2.32
I haven't seen you.
We haven't seen you
You're not really here, are you
Tonight you won't answer
I reject it
Am I crazy?
I talk to myself like it's someone else
Someone who is not me
Someone who just happens to share a small piece of what I am
Or maybe
Everything is me and this is all bullshit
I don't care
These voices
That come and go
But mostly just come
Hardly ever go
I know what they are
Obviously they don't exist
I engage with them still
I talk and they reply
They mumble and I laugh
Or cry
Sad
Never happy
Generally not a good experience
They keep telling me to stop doing some things
I think most of them are helpful
They're like the part of me that I should be
Like the goal I should aim towards somewhat
Truly, one cannot tell if our imagination is a reliable source of information and knowledge.
That would be just silly
And I'm a man of science
Isn't that ironic?
I turned to science whilst being a dark fiction writer?

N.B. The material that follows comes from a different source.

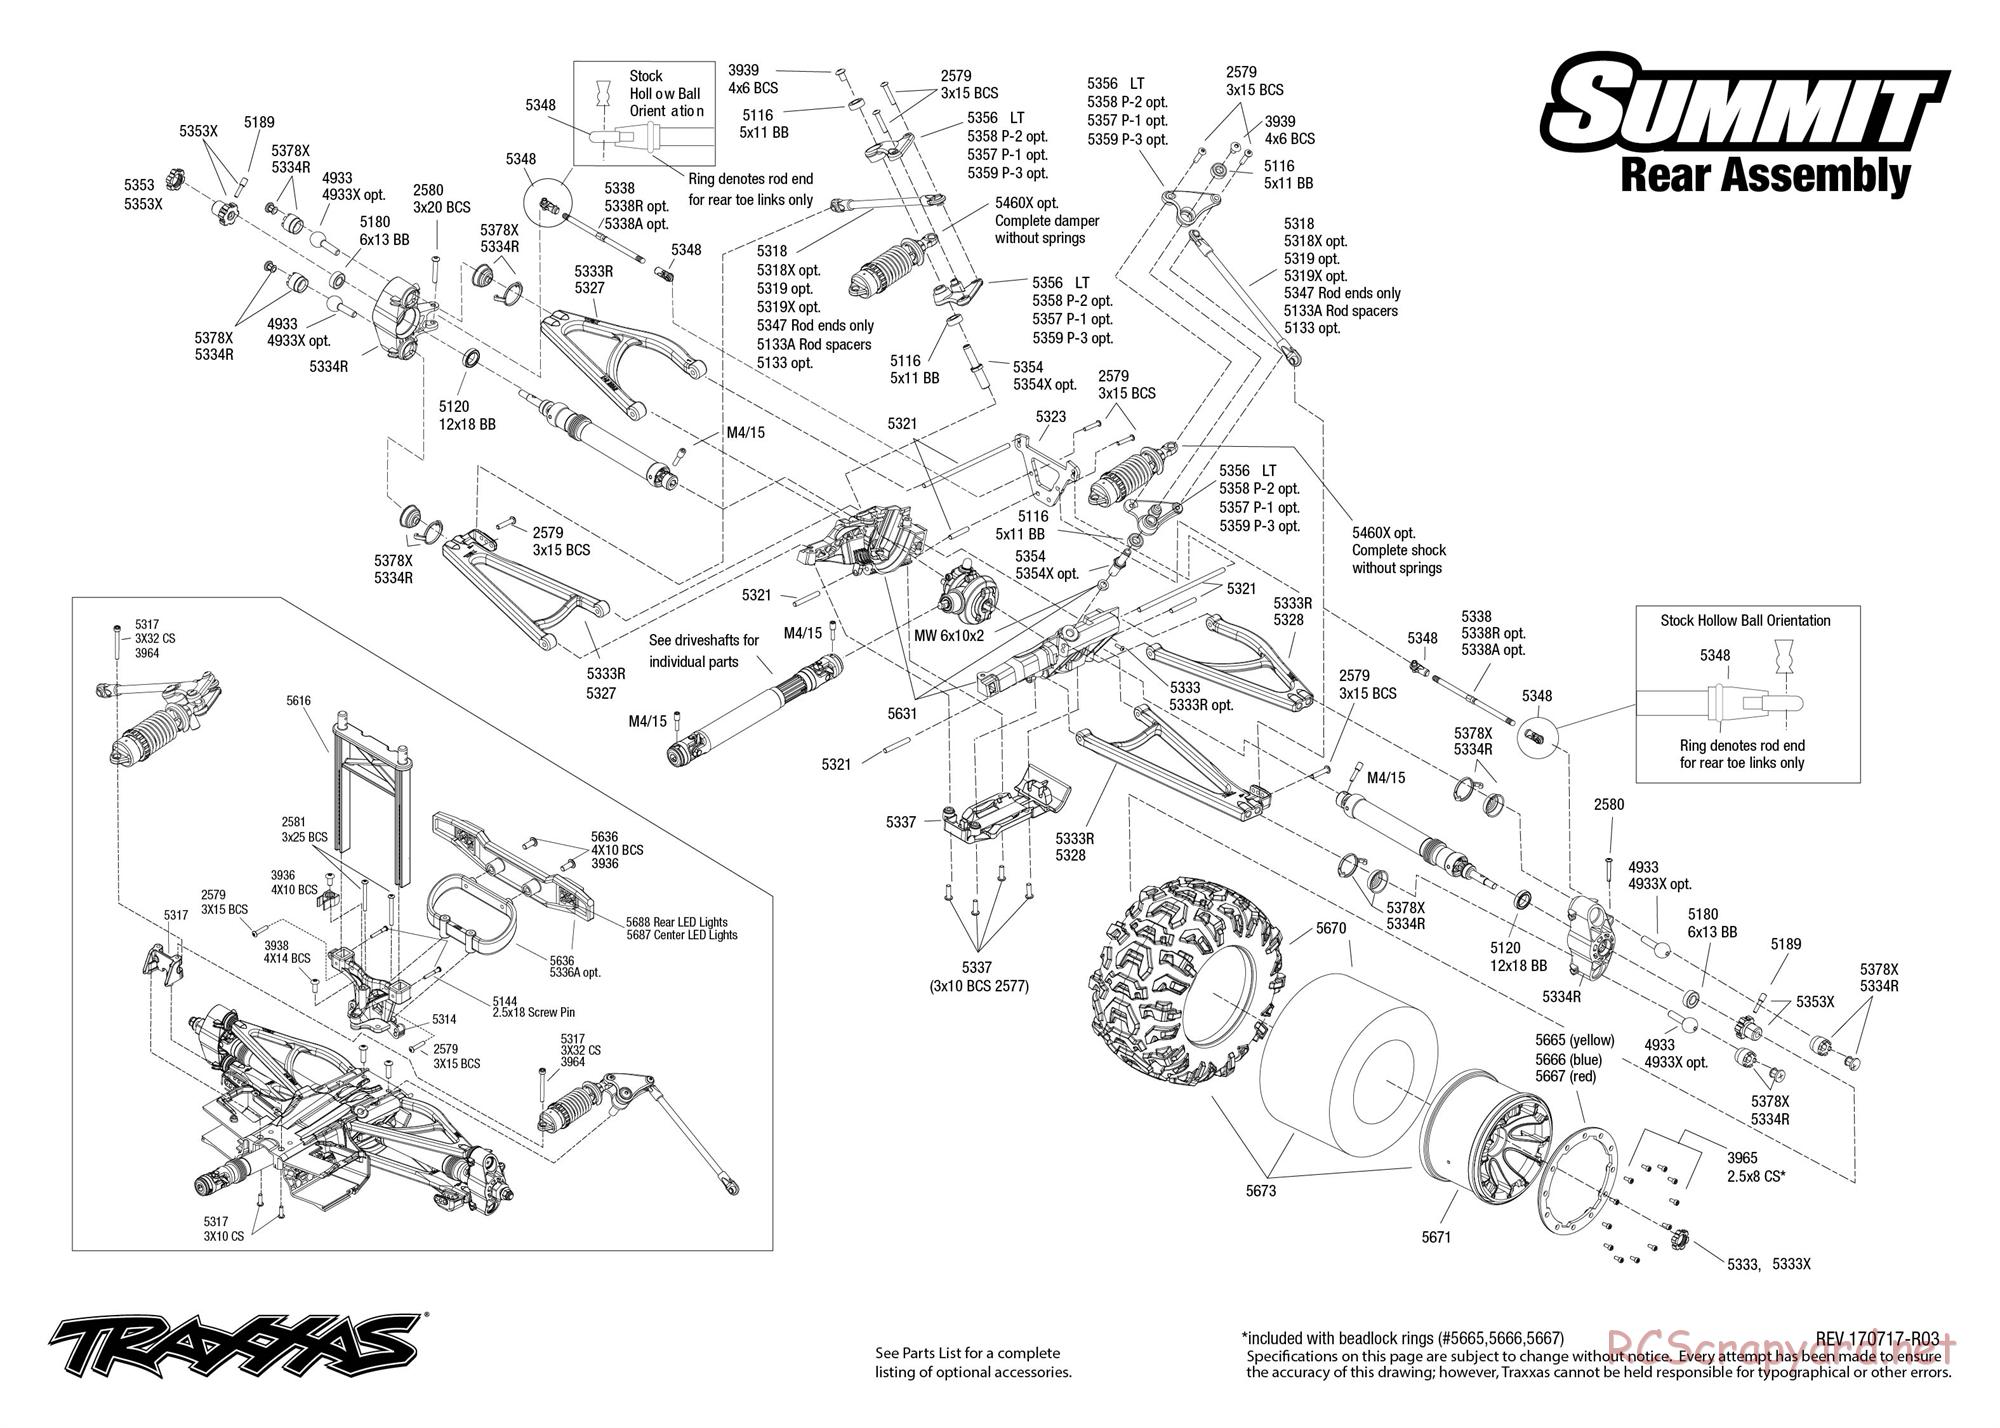 Traxxas - Summit (2015) - Exploded Views - Page 4

You'd suppose they both contradict each other
I suppose it's been working out so far
Just a matter of focus
I have the best idea for a novel
Well
Structurally, it's very creative
The writing itself is a different story
The narrative, the plot, characters, the world, etc.
A project for later
Later, yeah
Why not now?
Why not take advantage of all these sleepless nights after a eight hour shift at the office?
Good question
Don't have a good answer.
Think I'm overwhelmed with everything
Emotionally I'm a mess
I can hardly motivate myself to anything
There's too many things going on
That I need to do now, in a week, in a month, in a year, four years
It's too much
Everything has been too much
I planned it like this
I knew it was going to be something that would put me under a lot of pressure
Would aggravate my anxiety and my mdd, but I thought
I honestly thought
Believed
That I could it
Just
Never imagined I would have to do it alone.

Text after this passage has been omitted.